Lucille is an above-average version of the classic “troubled teens on the run” story. It’s certainly well done, and even features some breathtaking sequences, but the tale ultimately doesn’t manage to transcend its genre trappings. This wouldn’t be that much of a problem if it wasn’t painfully clear that was exactly what author Ludovic Debeurme was hoping to do.
The plot concerns the titular young girl, an anorexic, alienated teen, who falls for the OCD-plagued Vladimir a.k.a. Arthur, son of a rather nasty alcoholic fisherman. Together the teens flee their families and the quiet French town they call home with the hope of finding happiness, love and perhaps fortune in Italy.

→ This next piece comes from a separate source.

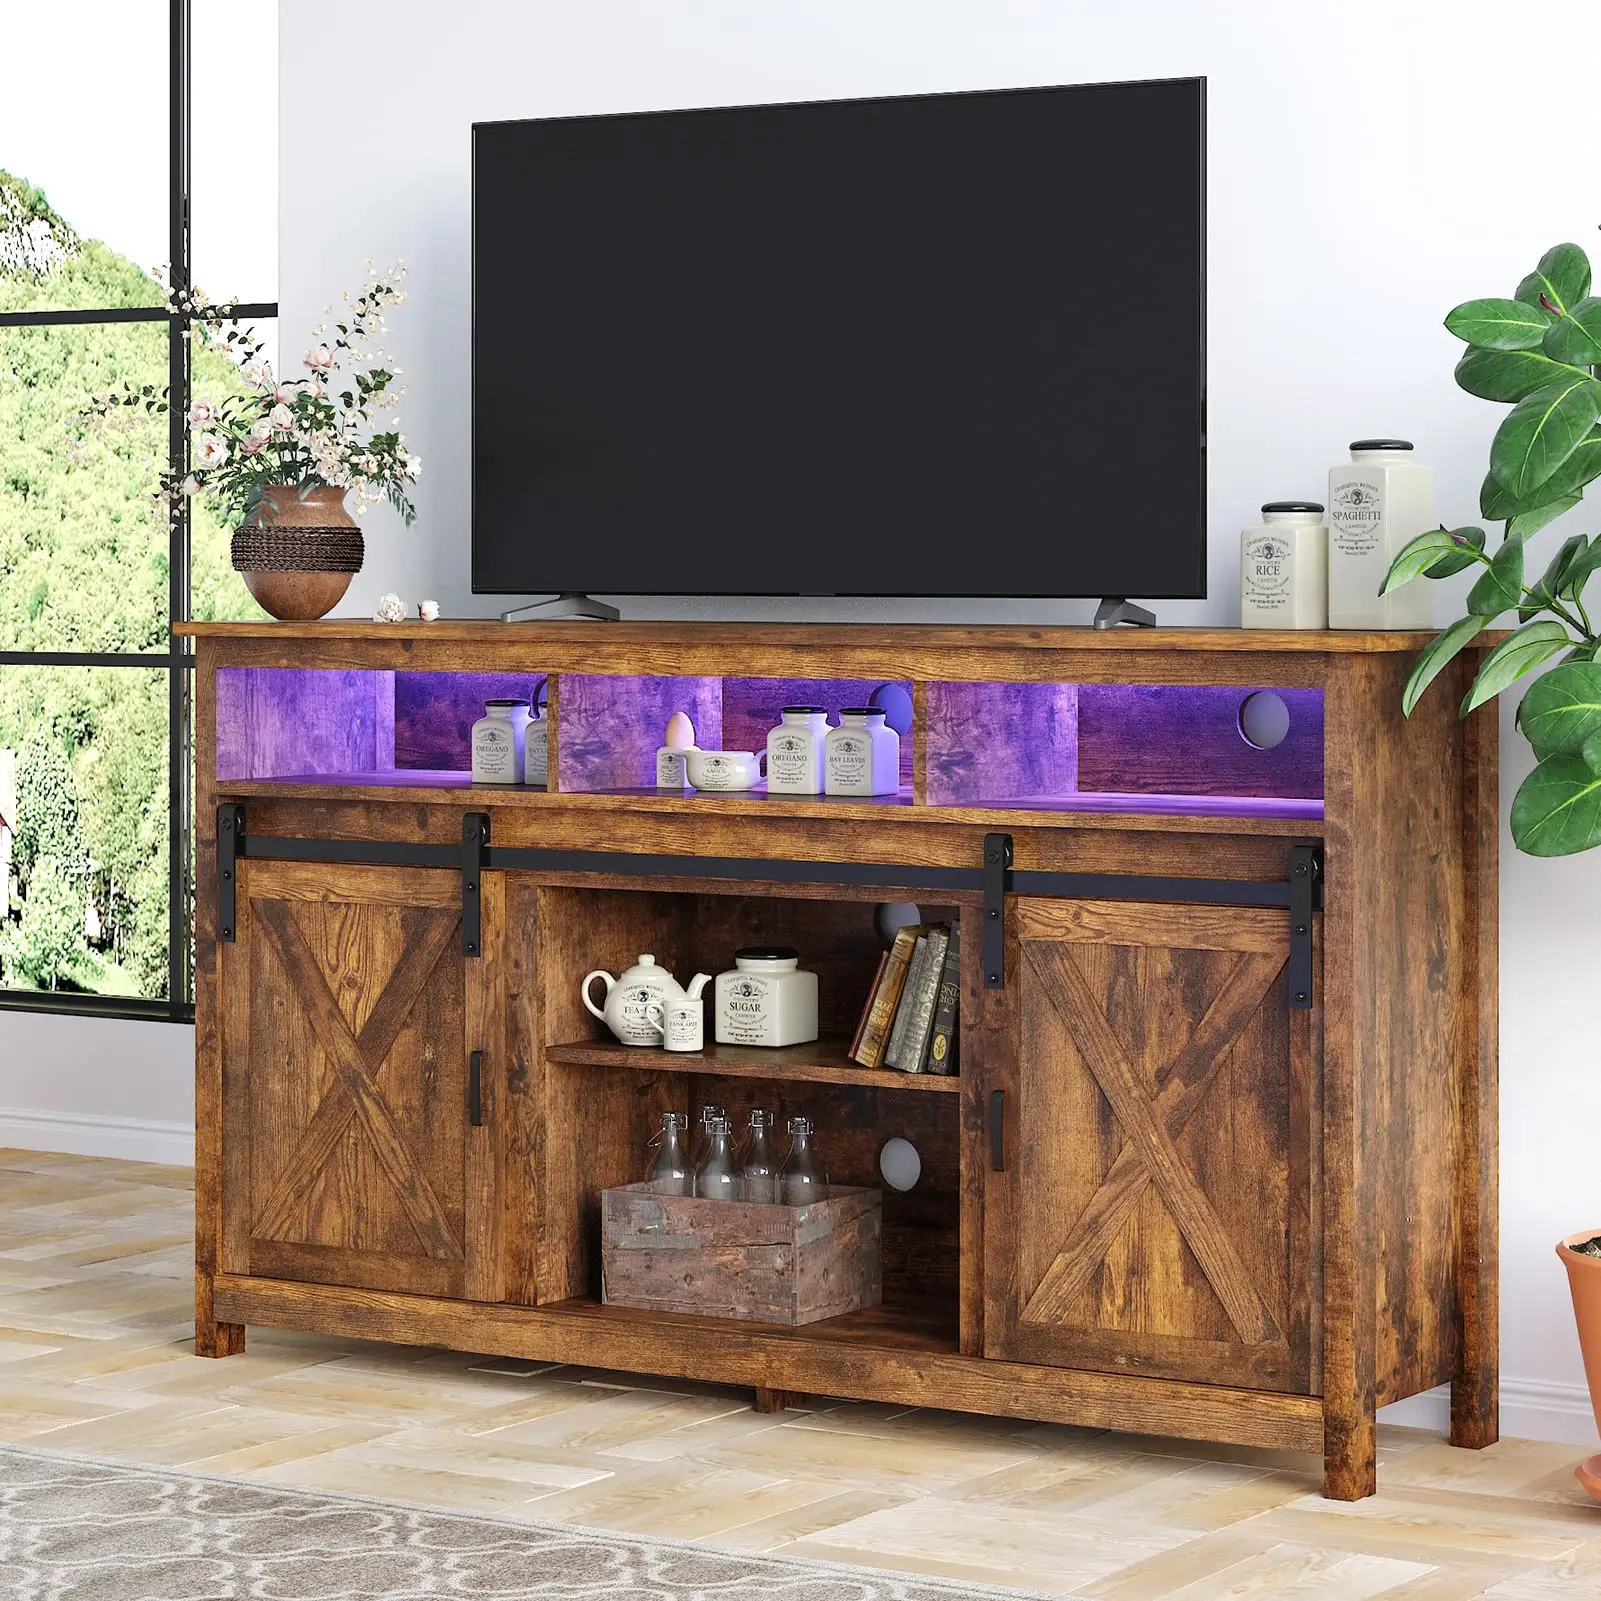 Soporte de TV LED, mueble para el hogar, mueble de estilo antiguo, Unidad de Soporte moderna
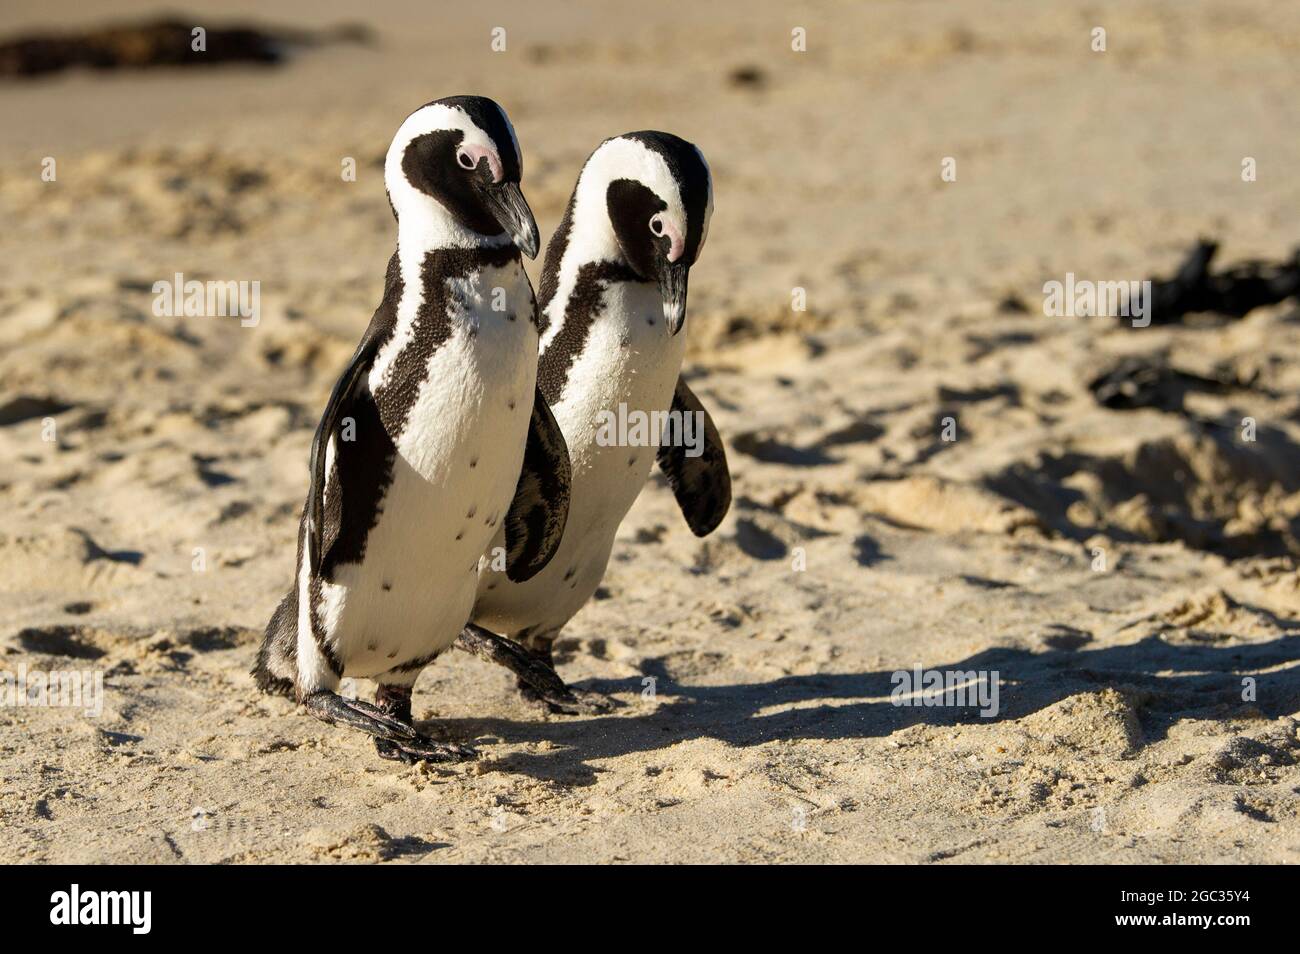 Los pingüinos africanos, Spheniscus demersus, la playa Boulders, Península del Cabo, Sudáfrica Foto de stock

And if you give anything for the chances of attaining their goals you’re a far, far more optimistic person than myself. Chances are you’ve also never read or seen Romeo and Juliet, West Side Story, Badlands, Benny and Joon, Splendor in the Grass, or Sid and Nancy.
Debeurme writes with authority and insight about the teens’ inner anxieties and demons. He does particularly well with Lucille, paying attention to how her warped self-image puts her at odds with her obviously loving and well-meaning mother and how difficult it is for her to even sit down for breakfast. At the risk of making wild assumptions, Debeurme is either writing from personal experience, or he must have spent a good deal of research on the disease and its effects to create such a fully rounded character.
The author also spends a great deal of time delving Vladimir’s history, particularly his abusive relationship with his father. Strangely though, not too much is made of his OCD beyond a few strange habits that could easily be passed off as eccentricities. It seems like a missed opportunity.
Debeurme adopts a minimalist, razor-thin style that eschews panel borders in the same manner of Chester Brown’s “Showing Helder". Backgrounds, when offered, are Spartan in appearance—a few trees scattered around to suggest a forest for example. The characters rarely seem to be standing on any solid sort of ground, and even the images themselves appear to float on the page, perhaps intending to give the book a haunting, almost dizzying feel. It’s a method that has both pluses and minuses: The casualness of the presentation hurts the book a little during some
of the more tense, frenzied action sequences, but it also helps convey the main characters’ alienation and self-doubt as they clumsily attempt to connect to each other and the world around them.
But then about two-thirds of the way through the story it takes a wrong turn, as the couple take refuge at the home of a Italian winemaker and the owner’s son takes a predatory interest in Lucille. What was previously a sharp (if occasionally simplistic) character study becomes a flat-out melodrama and upends some of the gravitas that the book had been exhibiting previously. To an extent, this sequence underscores the couple’s naiveté and lowly socio-economic status, but it does so in a rather clumsy way.
On the other end of the spectrum, there are some stunning sequences to be found in these pages, like the one in which young Vladimir counts his dad’s empty beer glasses in the hopes they might leave the bar soon, a bathing sequence in a river, the couple’s initial sexual fumblings – all these and more make Lucille a book worth reading and suggest that Debeurme is a cartoonist worthy of your attention.
But the problem with Lucille is that despite the sensitivity and care he takes with his two leads, the story itself is an overly familiar one, i.e., the young, misunderstood lovers on the run only to find that they can’t escape their own demons. Even the winemaker and his son seem to come from a well-established nouveau riche cliché. Lucille has moments of real beauty and truth, but for all of its assurances, it offers little surprises or revelations.
Is it churlish and unfair to chide a book for being merely very good instead of great? Probably, though I think Debeurme’s ambition invites such comparisons. Certainly it’s those very ambitions that will have me, despite my qualms, seeking out Debeurme’s next book, a sequel to Lucille, when and if it arrives on these shores.